Muzzas, subcultural capital, music genres, NRG, Hard Kandy, Bass Station, Monkey, Mansion, Storey Hall, Brown Alley, CBD nightclub, WetMusik, minimal techno, progressive house, tech house, alcohol, pills, bad drugs, GHB, competition, Richard and Hydi John, poster wars, gentrification, Internet, Bertie Street, Kryal Kastle, tekno, Filter, Lounge, Mad Rod, Rudeboy, Teriyaki Anarki Saki, Jason Platts, Dee Dee, Ollie Olsen, Psy Harmonics, Andrez Bergen, Devil Fish, If?, Earthcore, Spiro Boursine, Karl Fitzgerald, Frank Venuto, Krusty, Sugar, Green Ant, Rainbow Serpent Festival, bush doof, psytrance, tekno activism, Reclaim the Streets, Aaron Roach, digital music production, Melbourne Bounce, Melbourne Bangers, EDM.

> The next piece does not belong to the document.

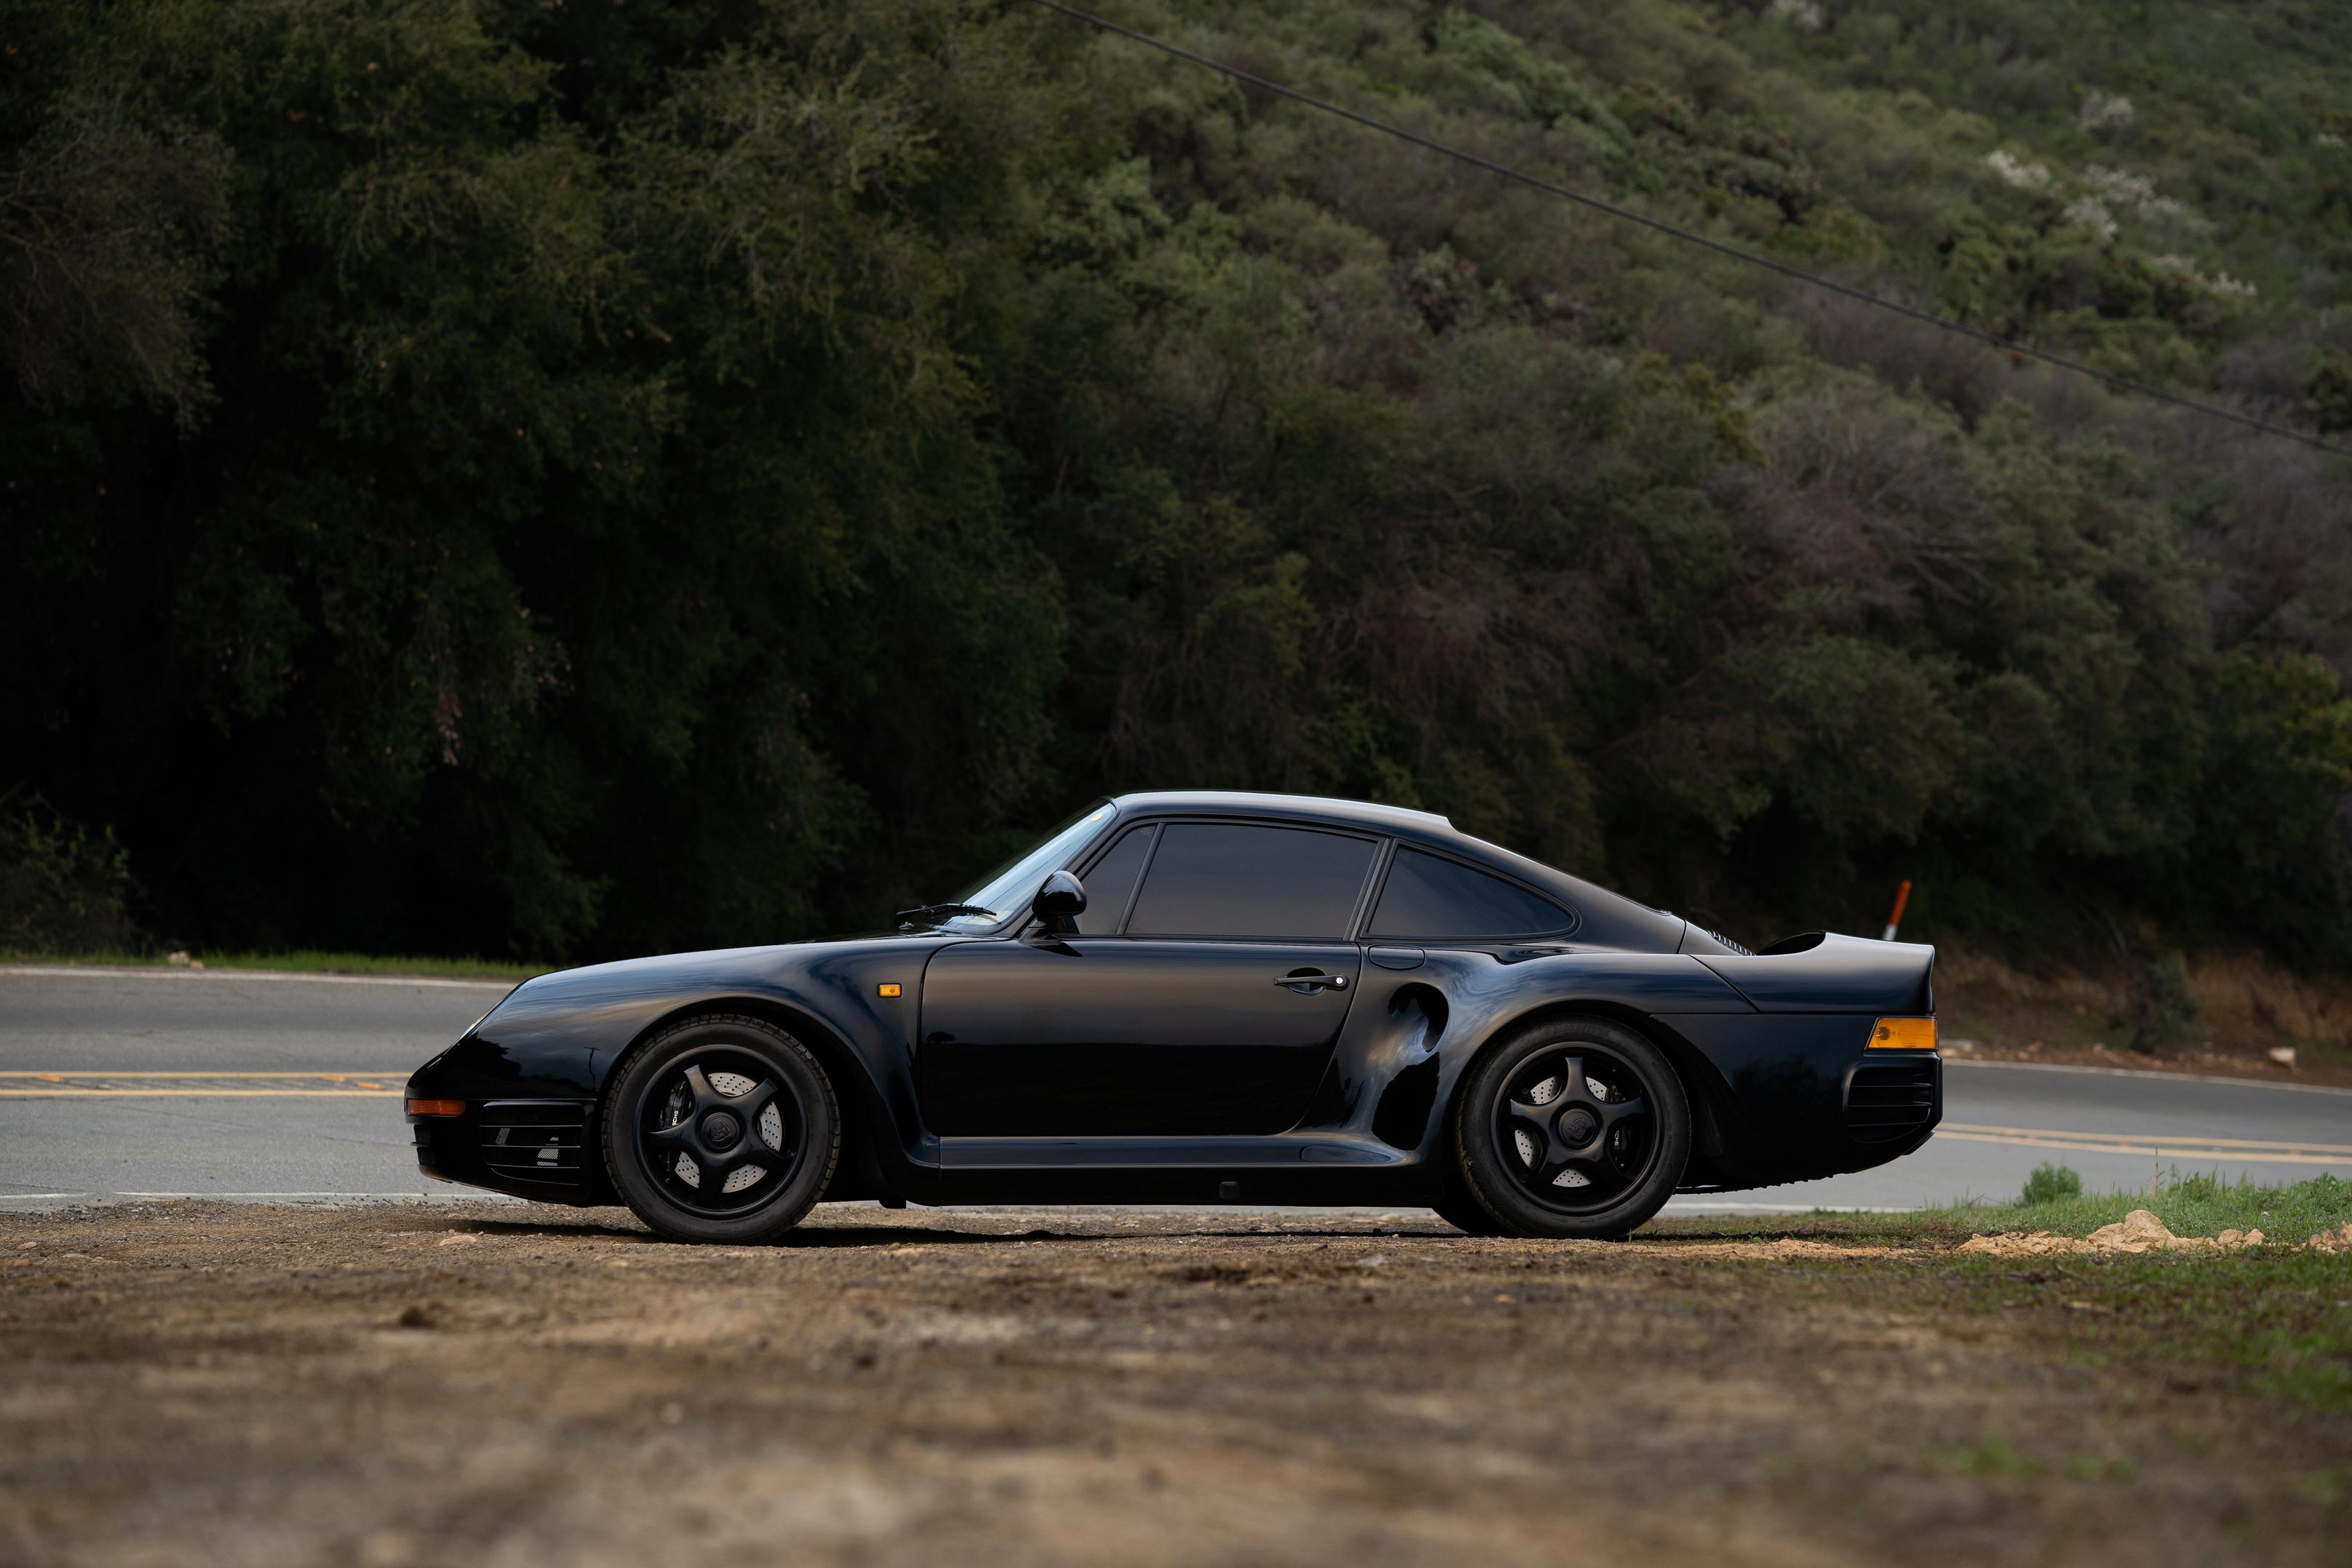 Black Porsche 959

Melbourne, 2000. Rave has become commoditised, packaged up and sold to a new generation of consumers. The Internet has arrived, alcohol has returned and beloved venues fall prey to the unstoppable force of gentrification. The intimacy has gone and not everyone is feeling the love. Battlelines emerge between an old school desperate to hold on to their precious subcultural capital and young kids who just want to party and have a good time. Once where there was unity and cooperation, there is now rivalry and nastiness. But peel back rave’s glossy commercial surface and you can still see the underground’s beating heart. Mad Rod and Rudeboy dish up acid techno and drag shows at Club Filter while the Teriyaki crew embrace a broad range of cutting-edge techno styles. In the hills around Melbourne, the gum trees rattle with repetitive beats while techno activists take their sound systems to the streets to protest against injustice. Today, almost thirty years after it all began, Melbourne techno carries a rich and diverse legacy. Listen to any top 40 dance track and the chances are you’ll hear the ghost of nineties techno rippling through the mangled vocals and cheesy piano chords. Much has changed but in the minds of Melbourne’s old skool one thing stays the same: a fondness for fun times, lifelong friendships and a gratitude for having been in the right place at the right time.